Functional and phylogenetic studies of mitochondrial genomes clearly demonstrate an eubacterial origin for mitochondria (1–8). However, the scarceness of reliable molecular markers for the initial events that gave rise to the eukaryotic lineages has prevented evolutionary biologists from obtaining detailed information about early events in eukaryote cell formation. The most apparent consequence of the integration of mitochondria within the eukaryotic cell is the gross reduction in size and gene content of the eubacterial symbiont's genome (9). During this process, redundancy in enzyme families was eliminated, presumably to avoid duplication and metabolic incongruencies. This process of genome integration is not understood, but must have required a gradual genetic transfer from the premitochondrial genome to the nuclear genome of the preeukaryotic cell. During this flow of genetic information, the bacterial endosymbiont evolved into a cellular organelle.
This process offered the potential for the generation of mosaic-like organisms, defined here as species that underwent the initial stages of the genetic exchange process, but evolved away from the main eukaryote line of descent, without fully incorporating mitochondria. These organisms would contain genomic evidence (in the form of genes of mitochondrial origin) of the initial genetic transfers that occurred between the premitochondrial endosymbiont and the nuclear genome. However, other genes in these species (which were later replaced in other eukaryotes by their mitochondrial equivalents) would have remained nuclear in nature.
Aminoacyl-tRNA synthetases (aaRS), enzymes responsible for the aminoacylation of tRNAs, represent a case in point for this process of genomic integration.
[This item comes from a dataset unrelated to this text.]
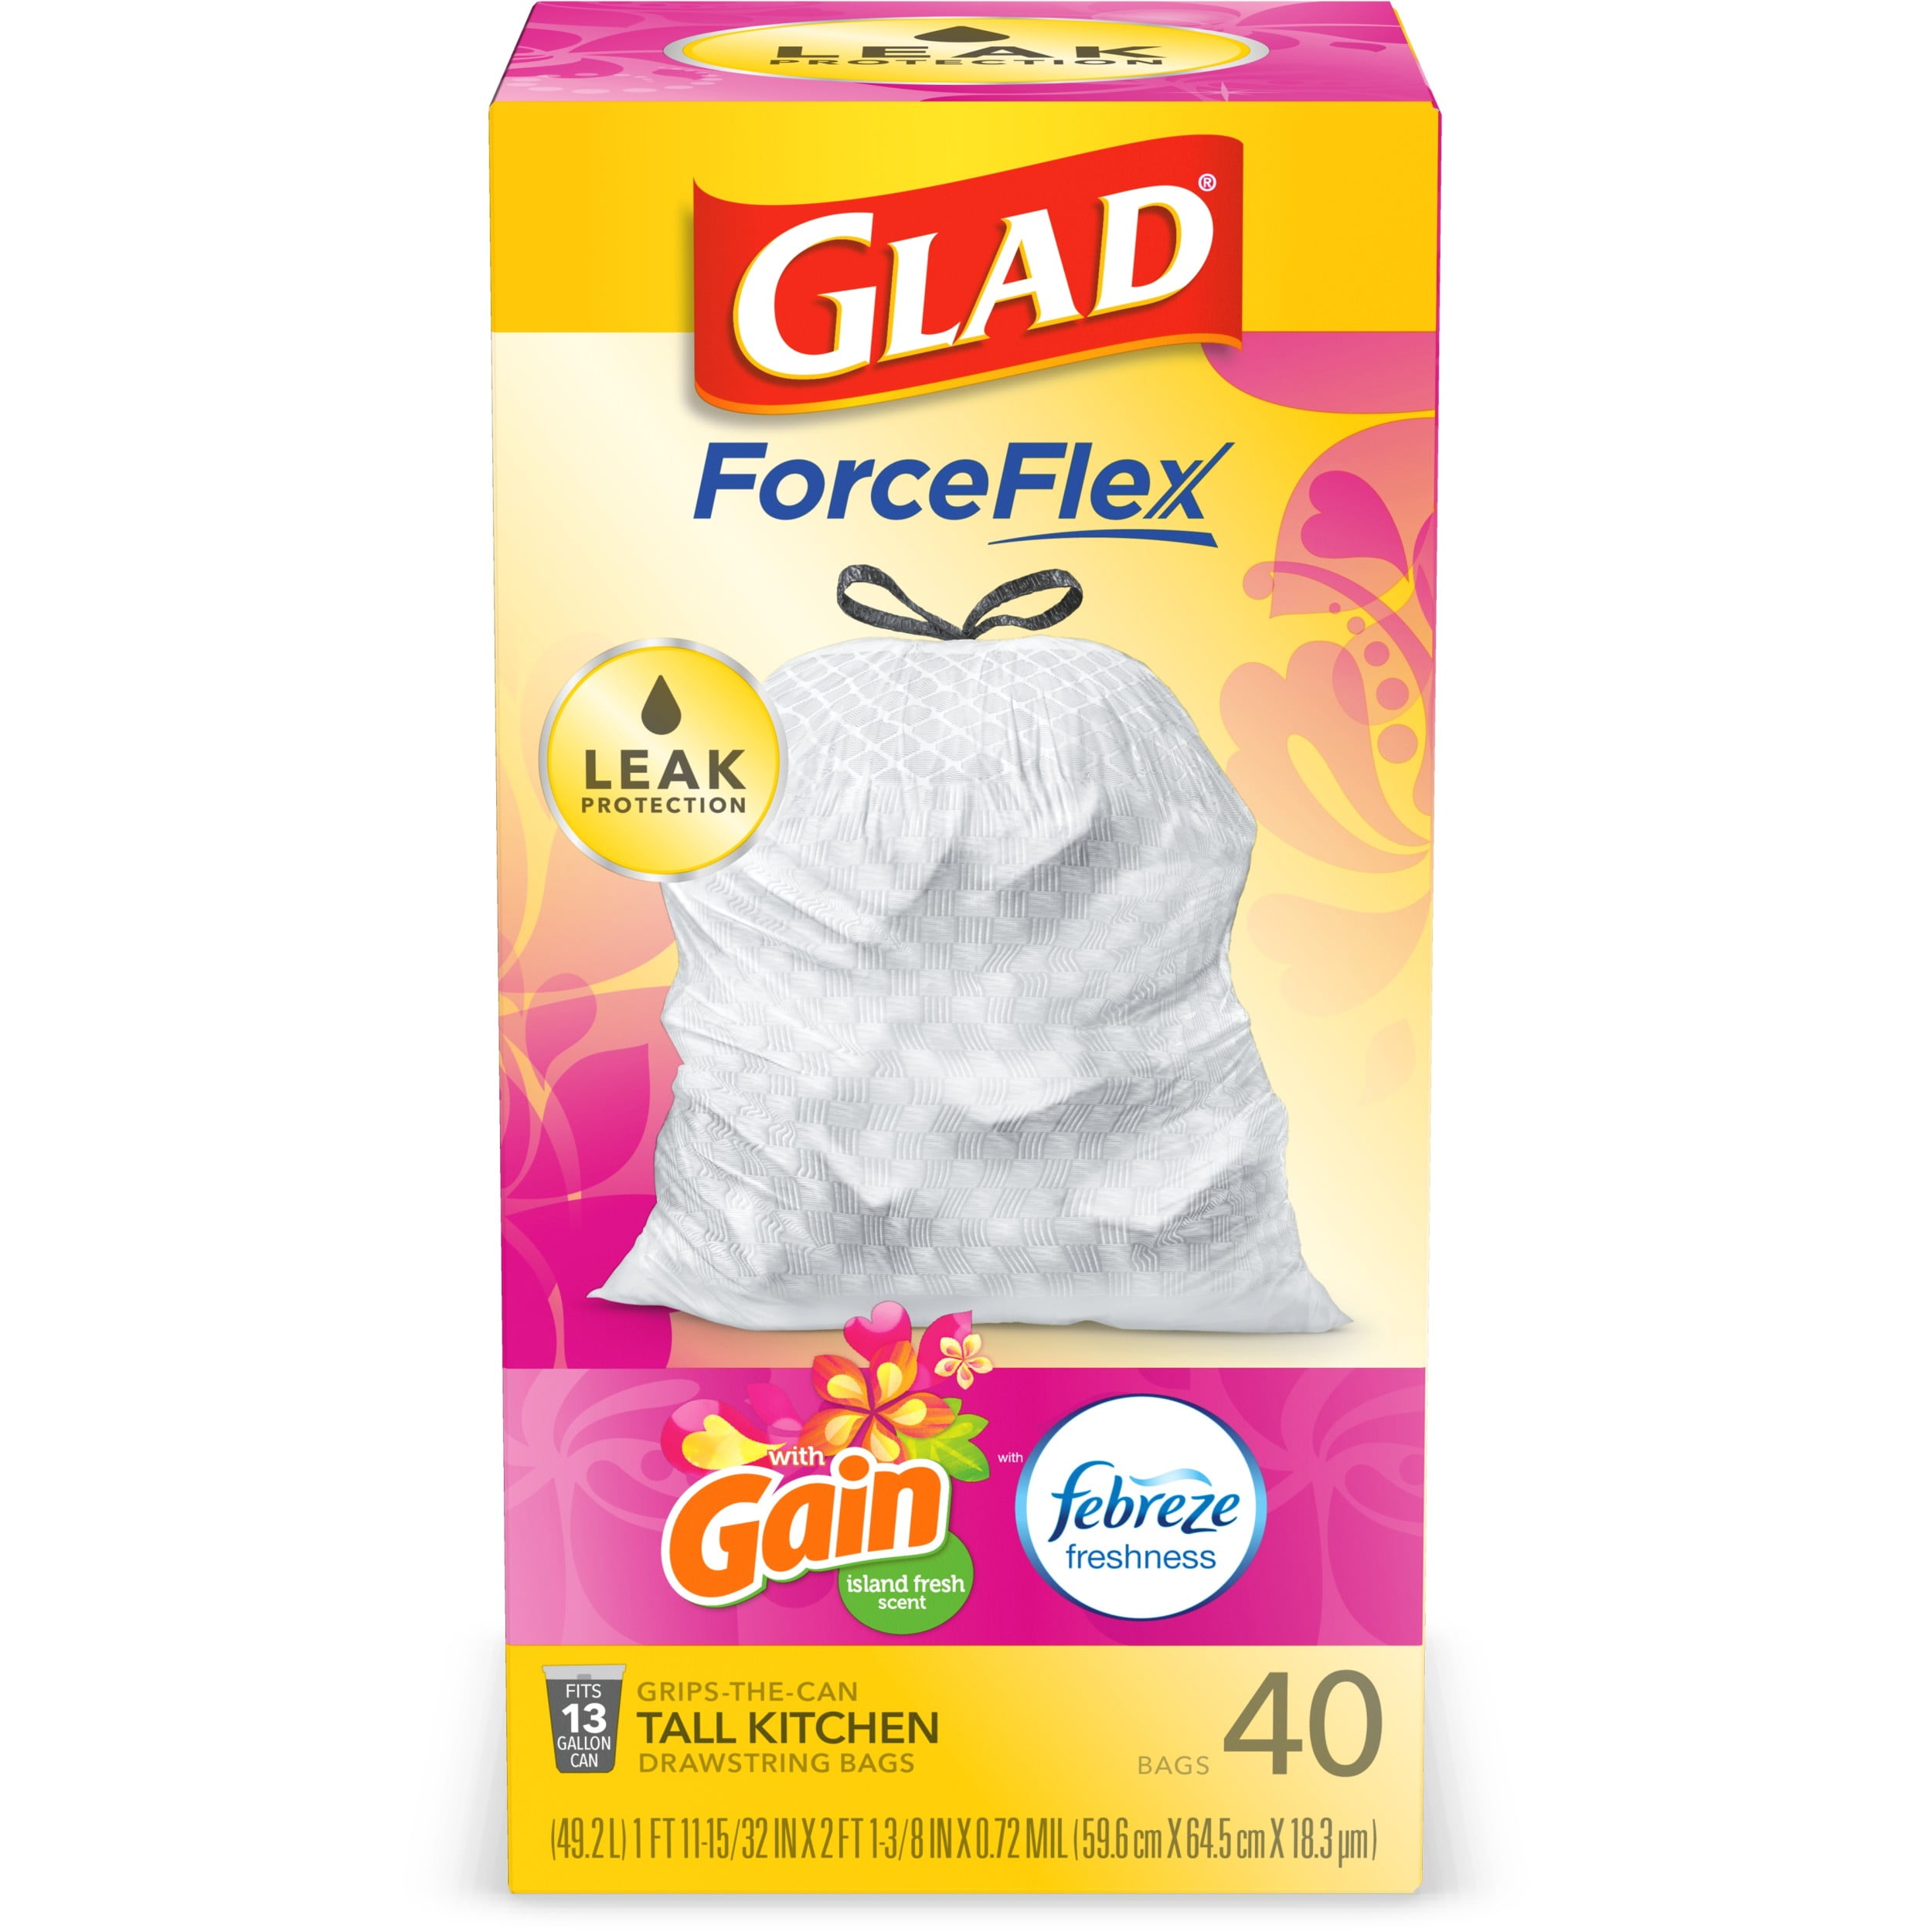 Glad ForceFlex Tall Kitchen Trash Bags, Gain Original Scent with Febreze  Freshness (13 gal., 150 ct.) - Sam's Club

As essential components of the translational apparatus, the genes coding for aaRS in the nucleus of the first eukaryotic cells were of archaeal origin (10, 11). The incorporation of the mitochondrial genome into the eukaryotic cell (with its own set of genes coding for aaRS) resulted in the integration of these two gene families in the nuclear genome. Analysis of sequences of eukaryotic aaRS (including nuclear-encoded mitochondrial enzymes) shows that the mitochondrial aaRS genes were either transferred to the nucleus (where they either coexist with their nuclear cytoplasmic counterparts or have replaced them) or were lost and functionally replaced by their nuclear equivalents (10, 11).
These considerations suggest that a close examination of the evolutionary history of a specific tRNA synthetase could lead to insights into the establishment of mitochondria in the eukaryote cell. In particular, we were interested in the possibility of an early amitochondriate eukaryote housing an archaeal-like rather than a mitochondrial-like gene for a particular synthetase. To that end, we analyzed the phylogenetic relationships of the cytoplasmic and mitochondrial alanyl-tRNA synthetases (AlaRS) to determine the evolutionary pattern of distribution of this enzyme in mitochondriate and in amitochondriate eukaryotes.
Materials and Methods
Cloning and Sequencing alaS Genes.
Giardia lamblia genomic DNA was a gift from genomic DNA provided by F. Gillin (University of California, San Diego). Sequences corresponding to the termini of the gene encoding AlaRS were identified in contigs generated by the Giardia sequencing project. Primers corresponding to these sequences were used to amplify the gene from genomic DNA. The 2907-bp PCR product was subcloned into pCR-2.1-Topo (Invitrogen), and the insert was completely sequenced.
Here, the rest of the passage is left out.